Question

Identify the homoleptic complexes with odd number of d-electrons in the central metal:

(A) [FeO₄]²⁻      (B) [Fe(CN)₆]³⁻

(C) [Fe(CN)₅NO]²⁻      (D) [CoCl₄]²⁻

(E) [Co(H₂O)₃F₃]

Choose the correct answer from the options given below :

• A. (B) and (D) only
• B. (C) and (E) only
• C. (A), (B) and (D) only
• D. (A), (C) and (E) only

Hint:

To identify complexes with odd numbers of d-electrons, determine the oxidation state of the central metal and subtract the oxidation state from the total number of electrons in the neutral atom.

Answer 1

The Correct Option is A

- (A) \([FeO_4]^{2-}\): Iron in this complex is in the +2 oxidation state, with \( d^6 \) electrons. Since 6 is an even number, this complex does not meet the requirement for an odd number of d-electrons.
- (B) \([Fe(CN)_6]^{3-}\): Iron in this complex is in the +3 oxidation state, with \( d^5 \) electrons. This gives an odd number of d-electrons, so this is a homoleptic complex with odd d-electrons.
- (C) \([Fe(CN)_6]^{2-}\): Iron is in the +2 oxidation state with \( d^6 \) electrons. This complex has an even number of d-electrons.
- (D) \([CoCl_4]^{2-}\): Cobalt in this complex is in the +2 oxidation state, with \( d^7 \) electrons. This gives an odd number of d-electrons, so this is a homoleptic complex with odd d-electrons.
- (E) \([Co(H_2O)_6]^{3+}\): Cobalt in the +3 oxidation state has \( d^6 \) electrons, which is an even number.

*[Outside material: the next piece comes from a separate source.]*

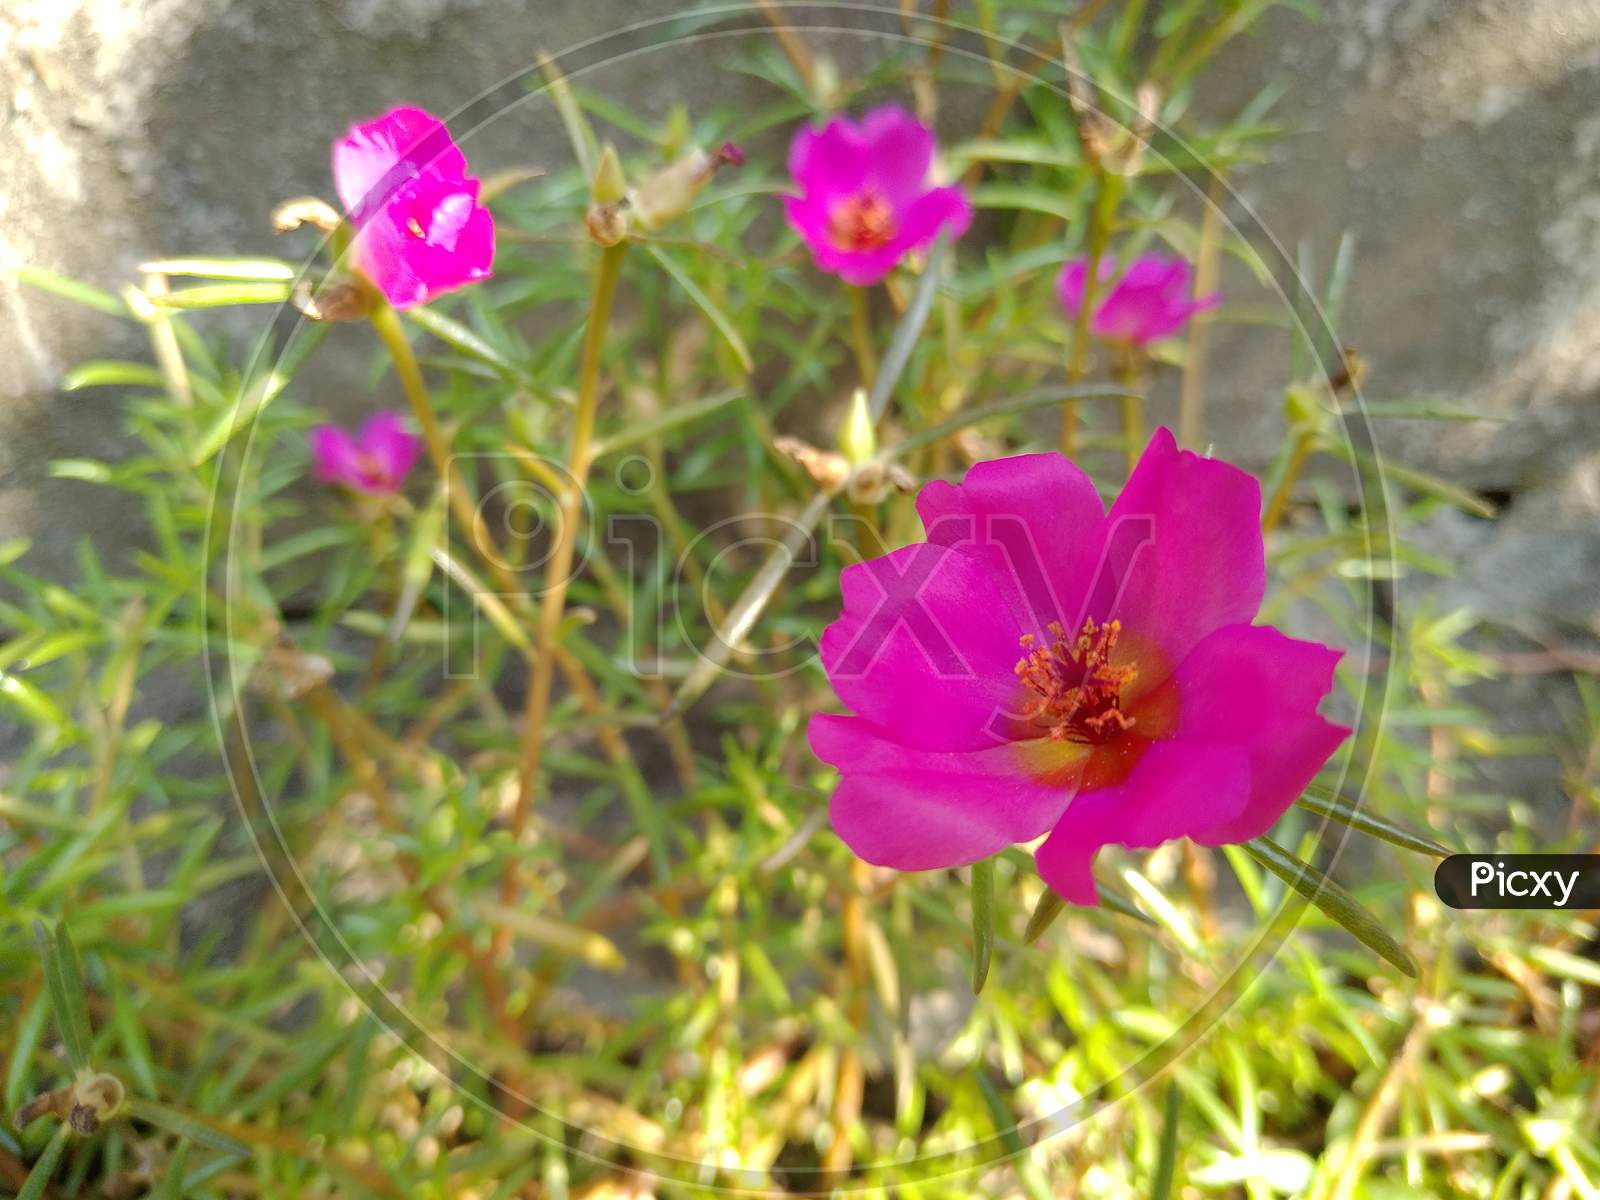 Pink Moss rose flowers

Thus, the correct answer is (1) (B) and (D) only.

Answer 2

Step 1: Understand the question.
We are asked to identify the homoleptic complexes (complexes having identical ligands) that contain a central metal atom with an odd number of d-electrons.

Step 2: Analyze each complex.
(A) [FeO₄]²⁻
Oxidation state of Fe: Let it be x.
\[ x + 4(-2) = -2 \Rightarrow x = +6 \] Electronic configuration of Fe (Z = 26): [Ar] 3d⁶ 4s²
Fe⁶⁺ → [Ar] 3d⁰ (no d-electrons)
Therefore, it has 0 d-electrons and is not odd. Also, this complex is homoleptic but does not have an odd number of d-electrons.

(B) [Fe(CN)₆]³⁻
Oxidation state of Fe: Let it be x.
\[ x + 6(-1) = -3 \Rightarrow x = +3 \] Fe³⁺ → [Ar] 3d⁵
Thus, there are 5 d-electrons (odd number). The ligands (CN⁻) are identical, making it a homoleptic complex.
Hence, (B) is correct.

(C) [Fe(CN)₅NO]²⁻
This complex contains two different types of ligands (CN⁻ and NO), so it is heteroleptic and does not qualify as homoleptic. Hence, (C) is incorrect.

(D) [CoCl₄]²⁻
Oxidation state of Co: Let it be x.
\[ x + 4(-1) = -2 \Rightarrow x = +2 \] Co²⁺ → [Ar] 3d⁷
Thus, it has 7 d-electrons (odd number). All ligands are identical (Cl⁻), making it homoleptic.
Hence, (D) is correct.

(E) [Co(H₂O)₃F₃]
Contains two different types of ligands (H₂O and F⁻), making it heteroleptic. Hence, (E) is incorrect.

Step 3: Conclusion.
Homoleptic complexes with an odd number of d-electrons are (B) and (D).

Final Answer:
\[ \boxed{(B) \text{ and } (D) \text{ only}} \]